Environmental advocacy groups are not the only observers disappointed at the SEC’s final rules. Jason Britton is an adjunct professor of thematic investing at the College of Charleston School of Business and founder of Reflection Asset Management, a boutique wealth management firm specializing in thematic investing. He estimated that the exclusion of Scope 3 means that companies will be reporting only about 10% of emissions from their operations.
“Basically, their credit card receipts for gas and their utility bills. Nothing related to their product or service. So how much energy did Exxon use to pump and refine and transport the oil they took from the ground, but nothing about the burning of that oil. I’d say it’s like missing the forest for the trees, but I’m worried there won’t be any forest left.”
Though the final rules are considerably lighter than the SEC’s original proposal, complying with them will be a heavy lift for many organizations, especially for companies that have not previously gathered or disclosed ESG-related data, said Nancy Mentesana, executive director for the ESG practice of Labrador U.S., a communications firm focused on corporate disclosure documents.
“Public companies are already required to analyze the materiality of risks and their impacts, and many companies are already reporting their emissions, so for some this is only an incremental burden, whereas for others who aren’t as prepared, it will be a heavy burden. It largely depends on how mature the company is in their ESG journey.”
In addition to dropping the requirement that companies report their Scope 3 emissions, the rule also provides more time to file disclosures depending on filing status and content of the disclosure. Other modifications from the original proposal include:
- Adopting a less prescriptive approach to certain of the final rules, including, for example, the climate-related risk disclosure, board oversight disclosure, and risk management disclosure requirements.
- Qualifying the requirements to provide certain climate-related disclosures based on materiality, including, for example, disclosures regarding impacts of climate-related risks, use of scenario analysis and maintained internal carbon price.
- Eliminating the requirement to describe board members’ climate expertise.

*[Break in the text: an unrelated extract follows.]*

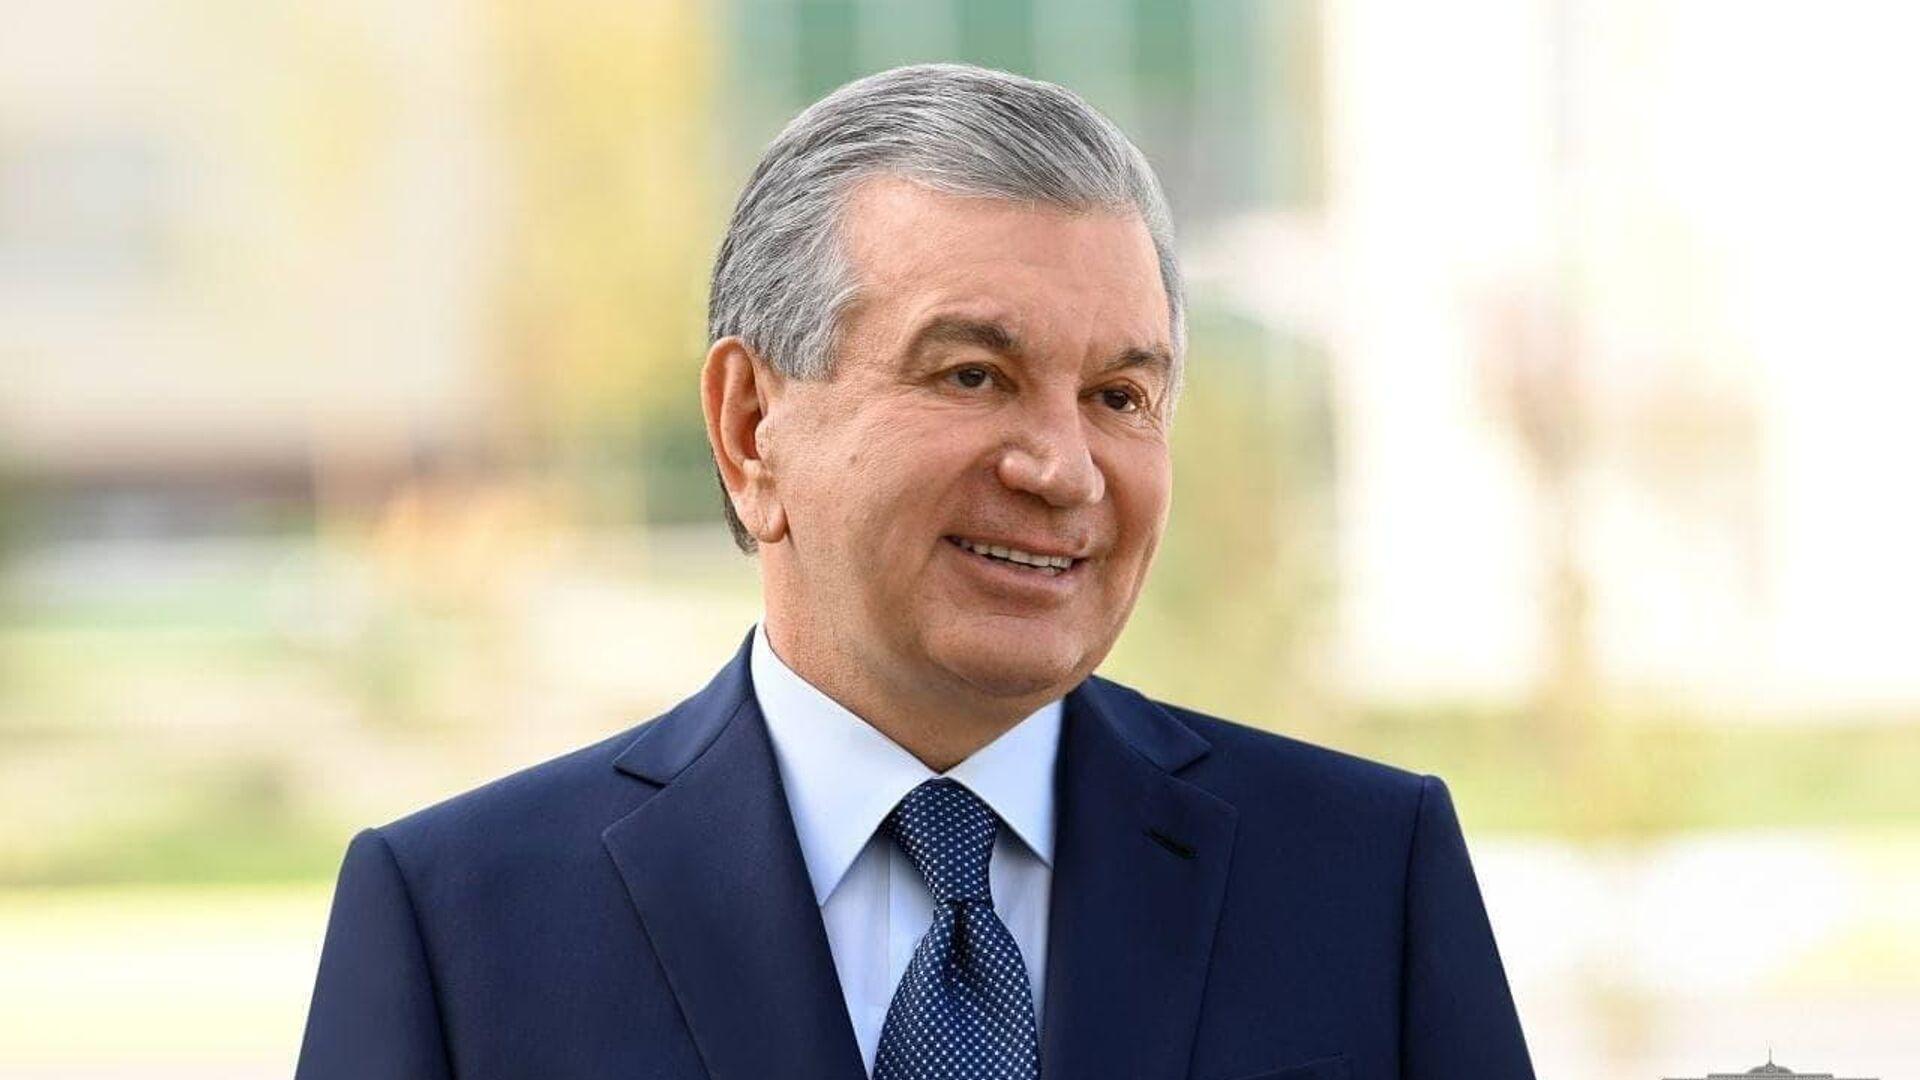 Президент Узбекистана Шавкат Мирзиёев - Sputnik Ўзбекистон, 1920, 30.09.2021

- Eliminating the requirement for all registrants to disclose Scope 1 and Scope 2 emissions and instead requiring such disclosure only for large accelerated filers (LAFs) and accelerated filers (AFs), on a phased-in basis and only when those emissions are material and with the option to provide the disclosure on a delayed basis.
- Exempting smaller reporting companies (SRCs) and emerging growth companies (EGCs) from the Scope 1 and Scope 2 emissions disclosure requirement.
- Modifying the assurance requirement covering Scope 1 and Scope 2 emissions for AFs and LAFs by extending the reasonable assurance phase in period for LAFs and requiring only limited assurance for AFs.
- Removing the requirement to disclose the impact of severe weather events and other natural conditions and transition activities on each line item of a registrant’s consolidated financial statements.
- Focusing the required disclosure of financial statement effects on capitalized costs, expenditures expensed, charges and losses incurred as a result of severe weather events and other natural conditions in the notes to the financial statements.